6. Chart configuration
Let’s configure the Venn diagram:
- Char type: Our custom viz Venn diagram, freshly added on report page thanks to the previous step
- Setup tab
- Data source:
- Your blended data “BD – Ads ans organic impressions by query”
- Dimension:
- A chart calculated field named “Zone” corresponding to formula below
- Metric:
- A chart calculated field named “Queries” corresponding to formula below
- Select Count (CT) aggregation instead of Count distinct
(theoretically, we don’t need count distinct for these data sets & it is more resource consuming)
- Sort:
- Queries (metric) descending
(I’ve noticed bugs or difficulty to draw the viz if the sorting was different)
- Queries (metric) descending
- Data source:
- Style tab
- Select the wished color for each disk
- Hide text and put logos, or just show dimensions and / or metric values
Zone
REGEXP_EXTRACT(
CONCAT(
IF(Query IS NOT NULL,",GSC","")
,
IF(Search term IS NOT NULL,",Google Ads","")
)
,"^.(.*)$")
Queries
COALESCE(Query,Search term)
7. Configuration review
As usual, just to be sure for having configured correctly the chart, let’s make a quick review.
8. Other example with Google Analytics
As already said, this tutorial can be applied for various use cases, including more data sets, the limit is just related to the number of tables & about data blending to join tables.

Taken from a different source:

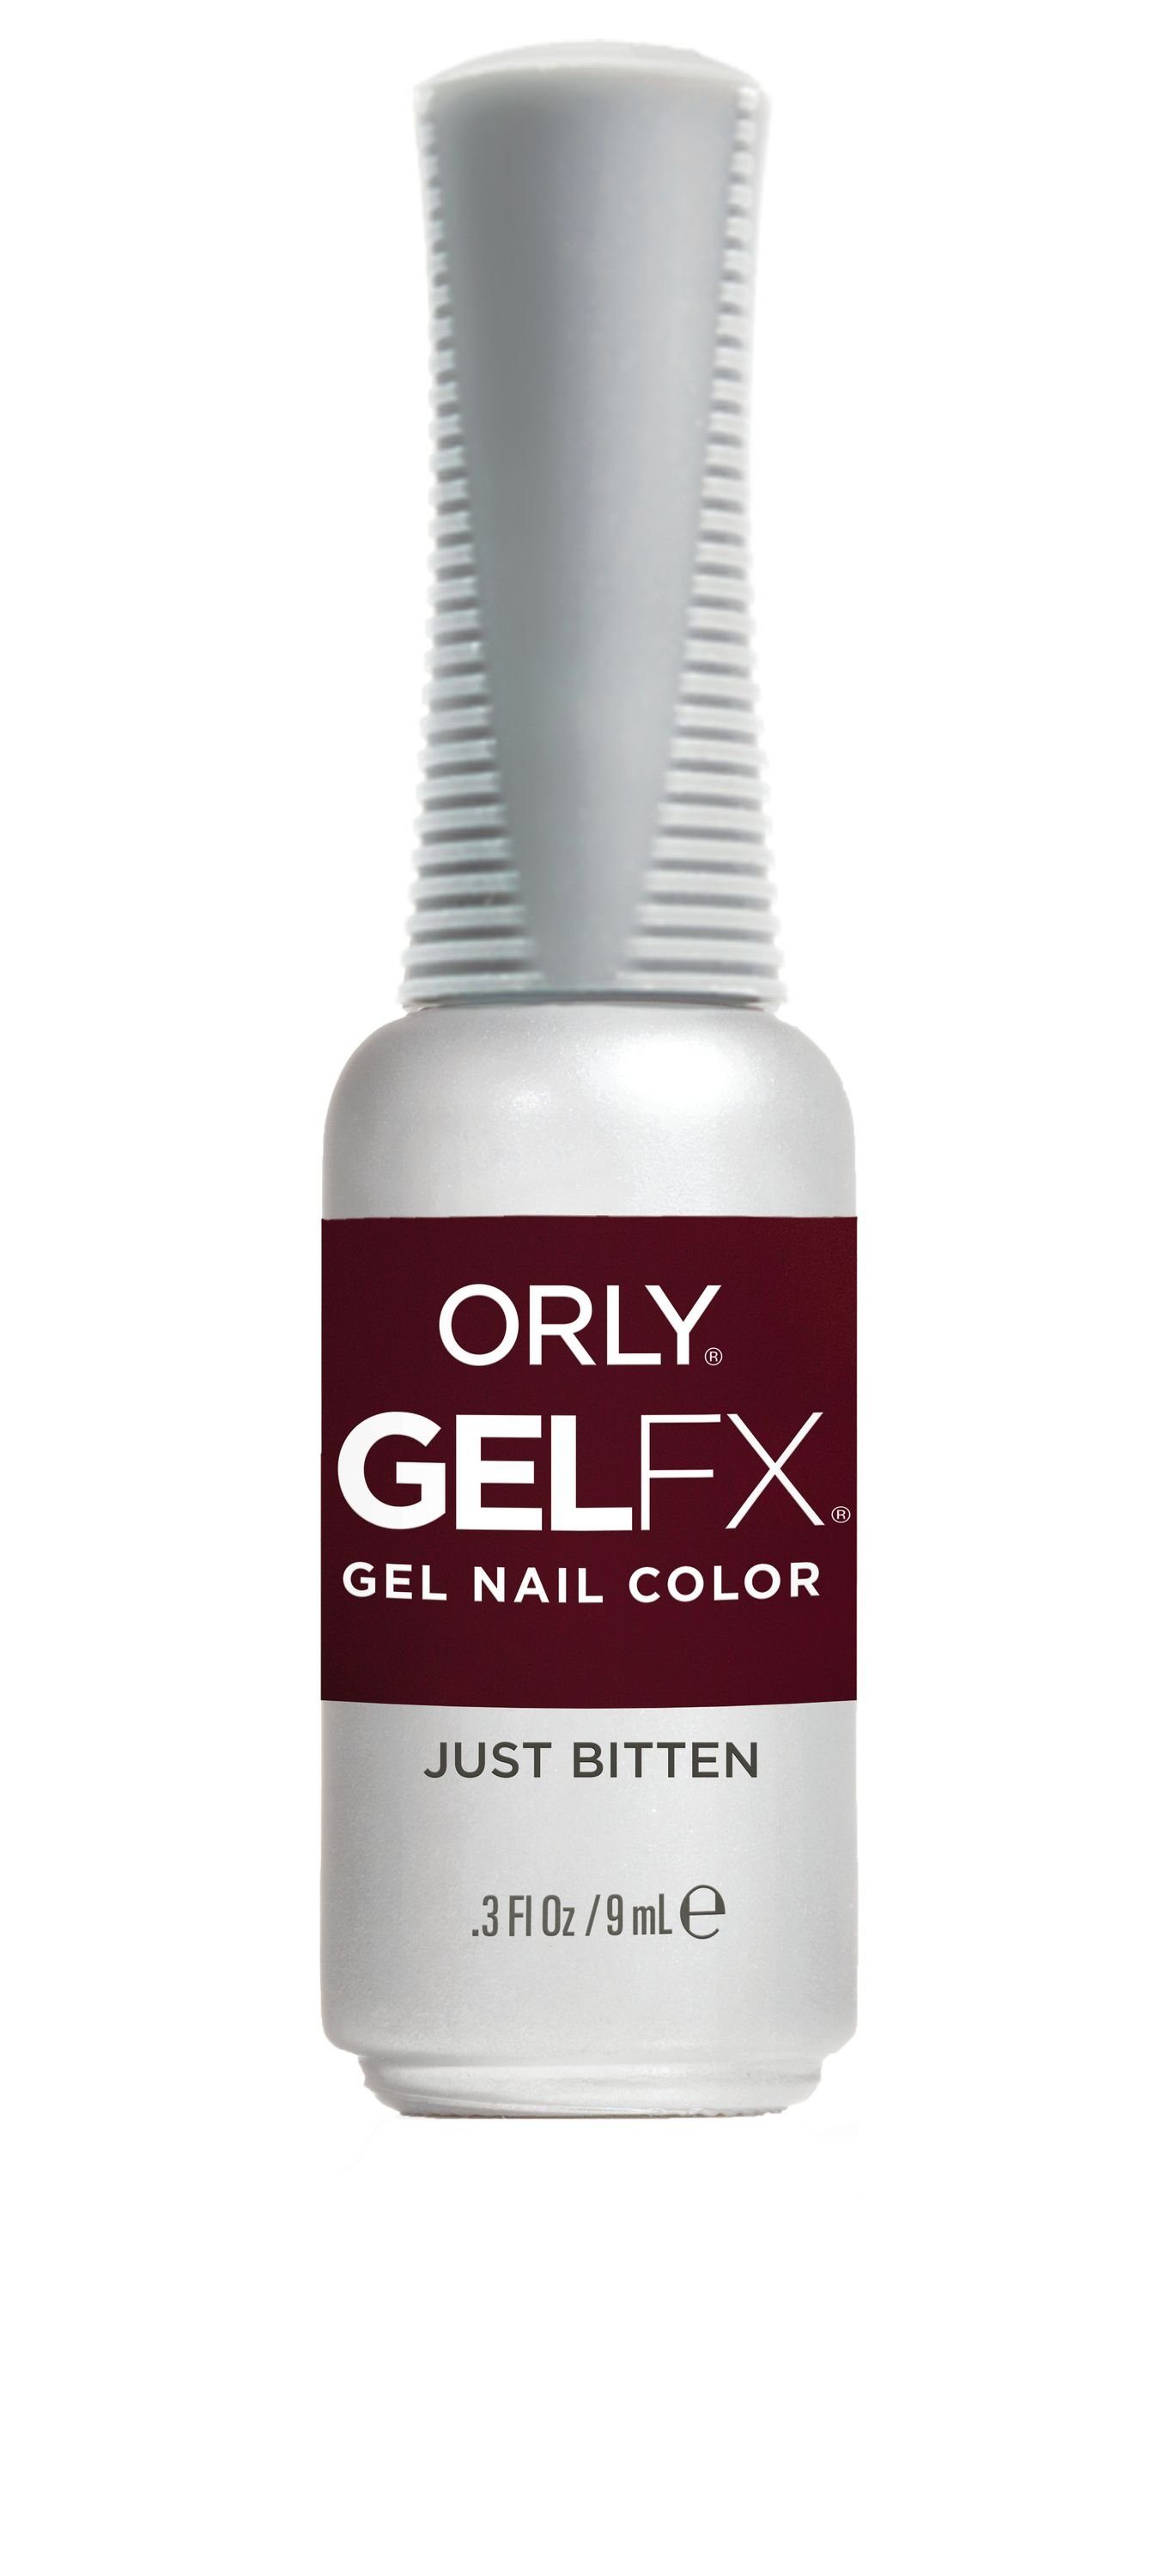 ORLY UV-Nagellack GEL FX Just Bitten, 9ML | Nagellacke

Here, another example with Google Analytics data, It is made thanks to a website measurement plan, collecting account identifiers for each interaction when the user is logged (user id). For this case, overlap chart with Venn diagram provides a picture of cross device usages with 3 disks, and data blending is a little bit different (same data source filtered with a star data model for table joins purposes).